Marwan Ayman Shawky

Cloud & DevOps Engineer

Scheduling & Automation in Linux: Mastering Cron, At, and Systemd Timers

·1 min read·
linuxautomation

One of the most powerful features of Linux is the ability to automate tasks. Whether it's running a backup every night, sending reports every week, or cleaning up logs at boot, scheduling saves time and prevents human error.

Linux offers multiple ways to schedule tasks:

  • at → run a job once at a specific time

  • cron → run jobs repeatedly on a schedule

  • anacron → run cron-like jobs that may have been missed (good for laptops)

  • systemd timers → the modern replacement/enhancement to cron

This guide covers all four, with examples, cheatsheets, and practice exercises.

One-Time Jobs with at

The at command schedules a job to run once in the future.

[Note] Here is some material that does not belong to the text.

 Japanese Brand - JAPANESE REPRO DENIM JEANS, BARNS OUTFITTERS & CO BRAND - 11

Enable the service (CentOS/WSL2)

sudo systemctl start atd
sudo systemctl enable atd

Usage

echo "echo 'Hello World' >> /tmp/at_test.log" | at now + 2 minutes
  • now + 2 minutes → natural language time format

  • Jobs go into a queue (atq, atrm <jobid>)

Missed Jobs with anacron

cron assumes your system is always on. If the system is off, jobs are skipped. anacron solves this by running jobs once the system is back online.

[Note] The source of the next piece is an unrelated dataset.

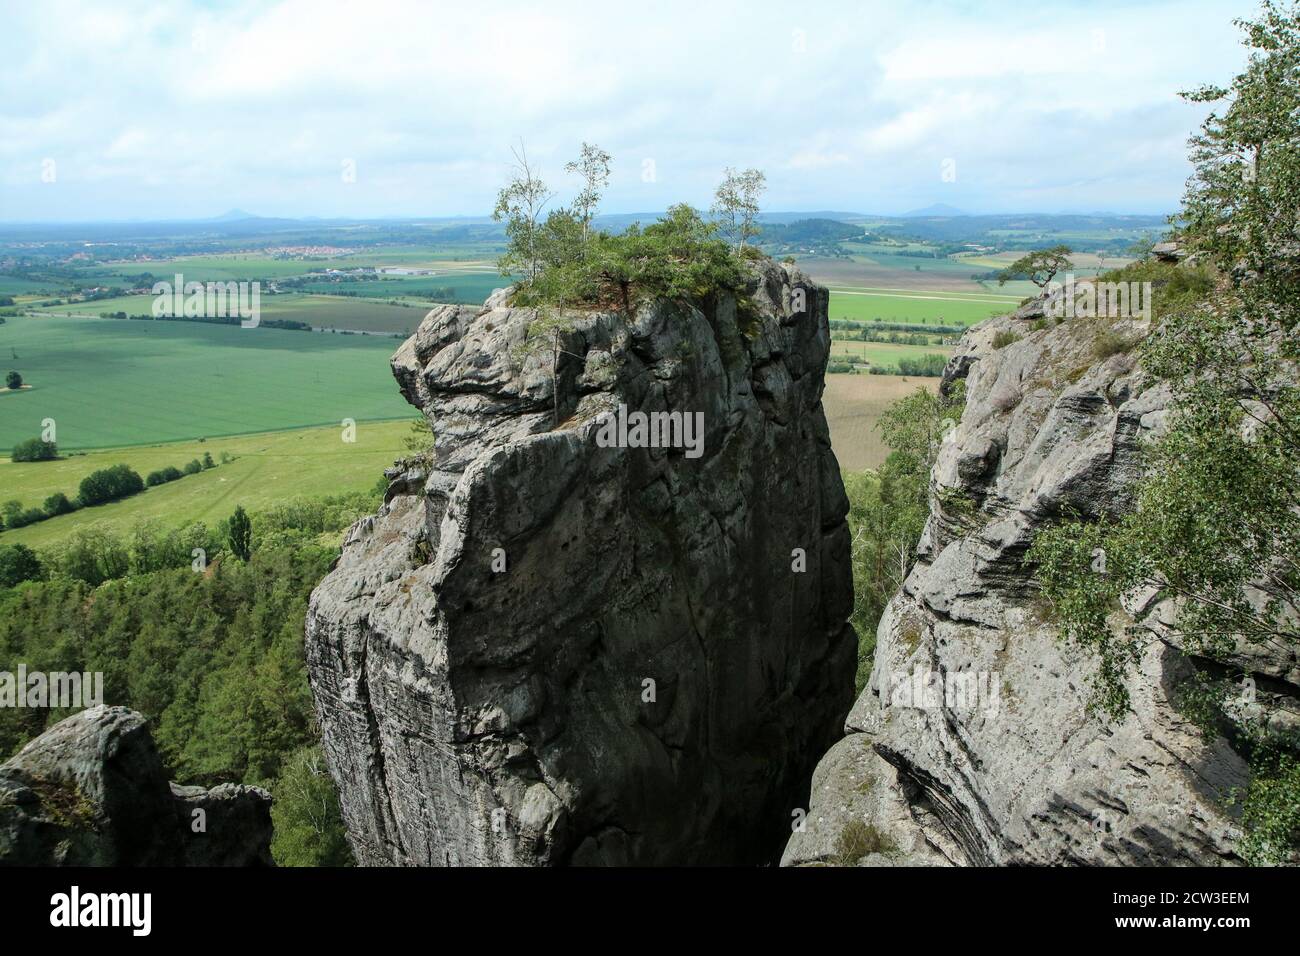 The picture from the natural area with rocks called 'Drábské světničky' (Dráb´ s rooms) in Czech Republic. Stock Photo

  • Config file: /etc/anacrontab

  • Syntax:

    period   delay   job-identifier   command
    
  • Example:

    1   10   daily_cleanup   /home/user/cleanup.sh
    

    → Run once daily, wait 10 minutes after boot.

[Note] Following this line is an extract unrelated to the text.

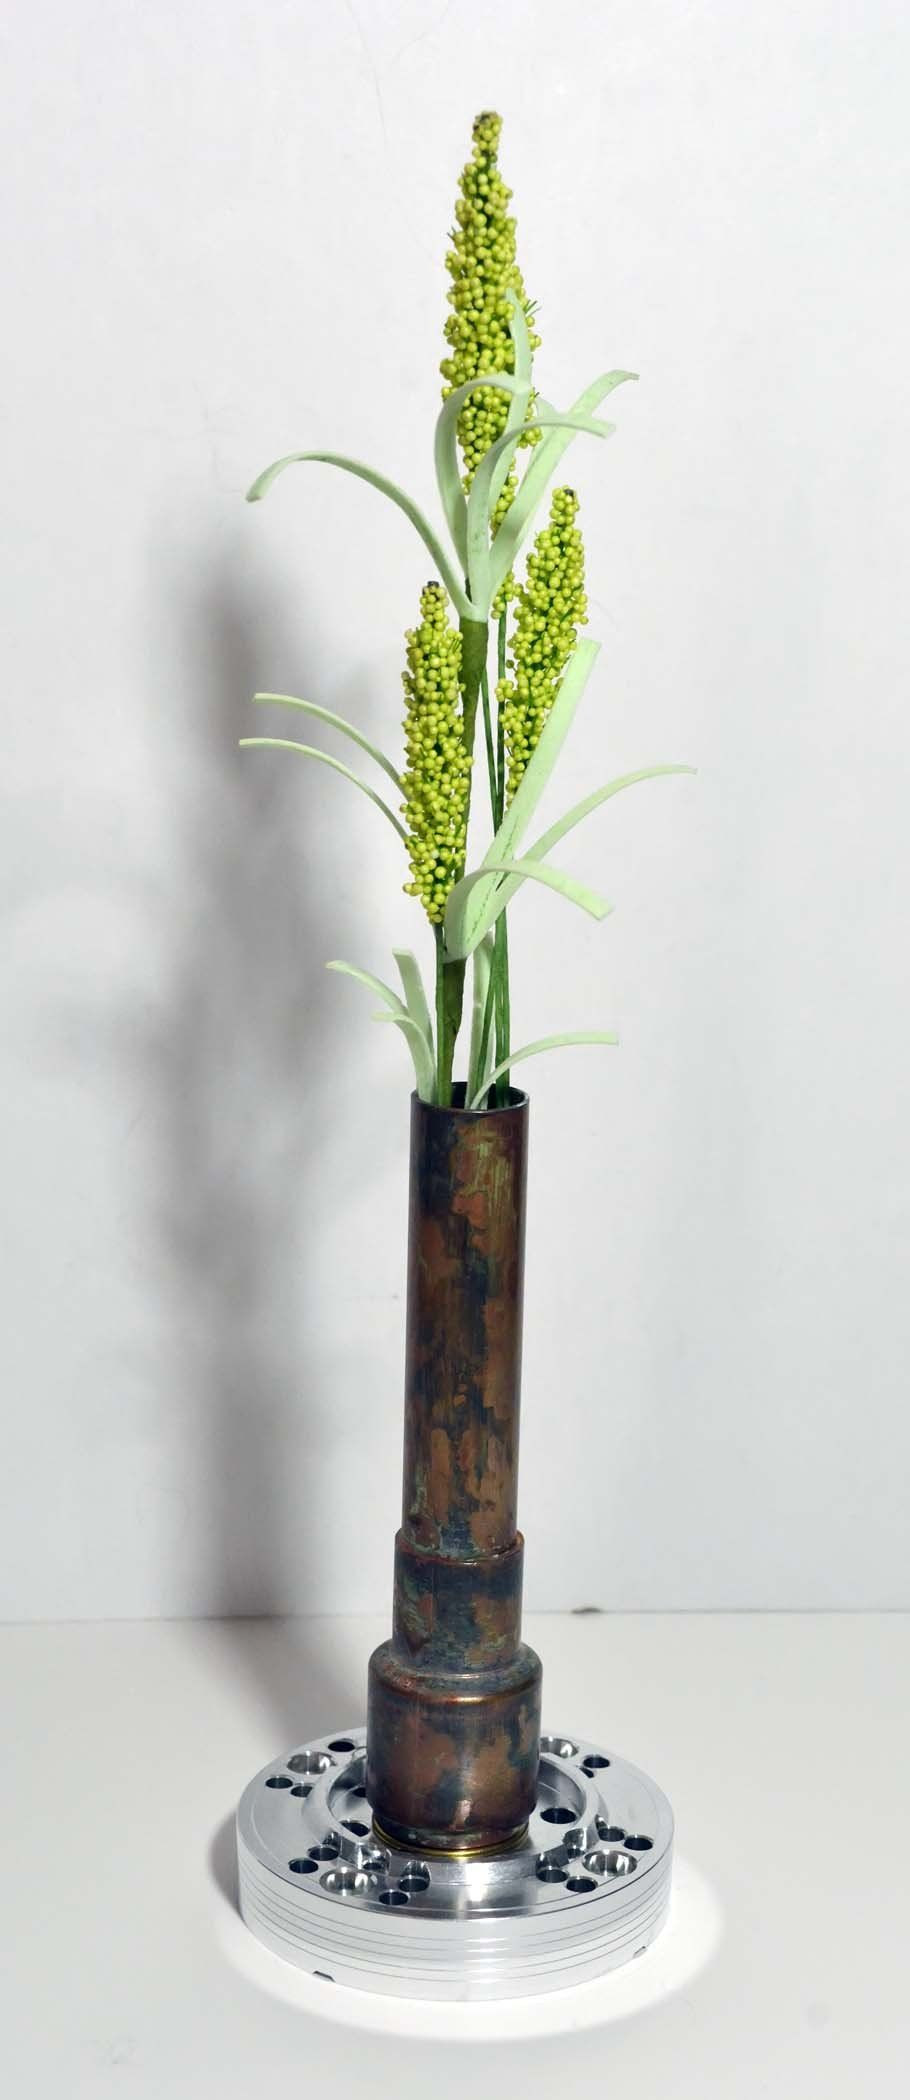 26 Cute Mini Bud Vases 2024 free download mini bud vases of steampunk style decorative dried bud vase made from recycled with regard to steampunk style decorative dried bud vase made from recycled materials vintage chemistry lab bun

Modern Scheduling with systemd Timers

Most modern distros (CentOS 7+, Ubuntu 16+) use systemd. Instead of cron, you can use timers.

Example: Daily Job

  1. Service file /etc/systemd/system/myjob.service

    [Unit]
    Description=My Custom Job
    
    [Service]
    ExecStart=/home/user/backup.sh
    
  2. Timer file /etc/systemd/system/myjob.timer

    [Unit]
    Description=Run backup script daily
    
    [Timer]
    OnCalendar=daily
    Persistent=true
    
    [Install]
    WantedBy=timers.target
    
  3. Enable & Start

    sudo systemctl enable --now myjob.timer
    systemctl list-timers
    

Cheatsheet: Quick Scheduling Commands

ToolPurposeKey Commands
atOne-time jobsat TIME, atq, atrm <jobid>
cronRecurring jobscrontab -e, crontab -l, systemctl status cron
anacronRecurring jobs, catch missedEdit /etc/anacrontab, anacron -T
systemd timersModern recurring jobssystemctl list-timers, .timer units

Practice Exercises

Beginner

  1. Schedule a job with at that writes "Take a break!" into /tmp/reminder.log after 1 minute.

  2. Create a cron job that runs every 5 minutes and writes the current date into /tmp/date.log.

Intermediate

  1. Use anacron to run a cleanup script daily, but delay execution for 15 minutes after boot.

  2. Write a cron job that runs only on Mondays at 9:30 AM.

Advanced

  1. Create a systemd timer that runs echo "Systemd Rocks" into /tmp/systemd.log every hour.

  2. Compare the execution of a cron job vs. a systemd timer — which one provides better logging?


Now that you can schedule and automate tasks, the next step is understanding storage. In the next article, we dive into: Linux Disk Management — exploring partitions, filesystems, mounting, and how to monitor disk health.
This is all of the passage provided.